Na segunda parte da reportagem sobre como Anápolis se insere no mercado de créditos de carbono [fator relevante na busca da redução de emissão de gases poluentes que agravam o efeito estufa e acelera as mudanças climáticas], o DM Anápolis ouve o especialista ambiental, Antônio El Zayek, consultor e autoridade reconhecida nessa área.
O especialista já ocupou a Diretor de Recursos-Hídricos, Preservação e Conservação Ambiental na Prefeitura de Anápolis entre 2017 e 2018, oportunidade em que desenvolveu o Programa Pró-Água, ganhador do Prêmio CREA de Meio Ambiente. É consultor de empresas privadas e do setor público, e o responsável pela implementação do Plano de Macrodrenagem em Anápolis.
El Zayek entende que a regulamentação do mercado de créditos de carbono é uma boa notícia, mas que, sozinho, não resolve o problema. “Temos que parar de enrolar e criar a cadeia produtiva da água, remunerar por créditos, mas manter os ecossistemas em pé para que a gente tenha essa continuação da vida”, disse.

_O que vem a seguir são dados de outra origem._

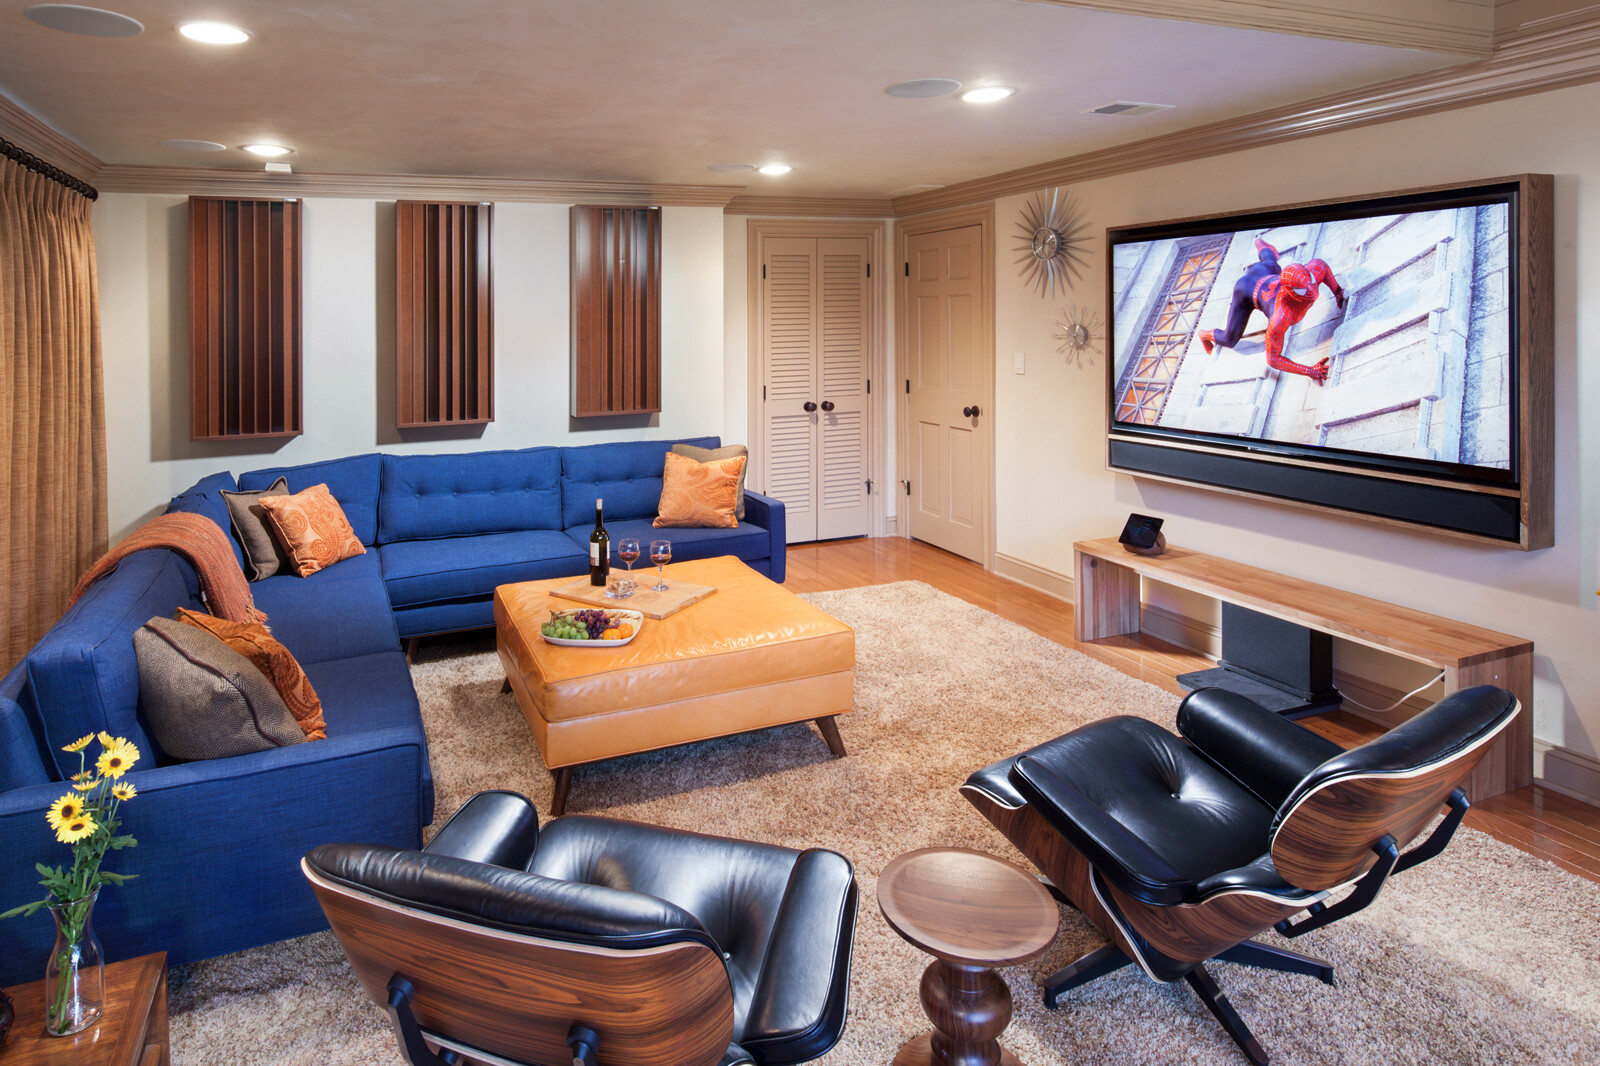 Home Theatre Room With Hi-Def Flat Panel TV & Architectural Loudspeakers

Para exemplificar, citou a Austrália que, segundo ele, vive com 400 milímetros de água por ano, “e a gente tem quatro vezes isso na nossa região, e a gente consegue falar que estamos passando problemas de água”. E afirma que, o que falta, é organização e tecnologia, pois já existem soluções ecologicamente viáveis, economicamente sustentáveis, para todos os problemas que nós temos, o que falta é vontade política”. A seguir a entrevista completa.
A regulamentação do mercado de crédito de carbono é uma medida eficaz no processo de contenção do efeito estufa e das mudanças climáticas?
As mudanças acontecem, são naturais, a longo prazo, elas são naturais. Elas estão aceleradas pela forma que nós ocupamos o solo, pela forma que a gente produz, e pela emissão de carbono. Então a as emissões de carbono vão aquecer o planeta e aí temos essas mudanças climáticas. Mas só o carbono não vai resolver. A gente precisa ter ecossistemas que funcionem. Para ficar claro, um exemplo: uma empresa precisa ter capital de giro. O ecossistema é igual. Quanto de capital verde é preciso para que o cerrado funcione. Quanto de Amazônia a gente precisa para que a floresta cumpra o papel dela, que é distribuir água por toda a América Latina? Então, a gente precisa de ecossistemas que funcionem.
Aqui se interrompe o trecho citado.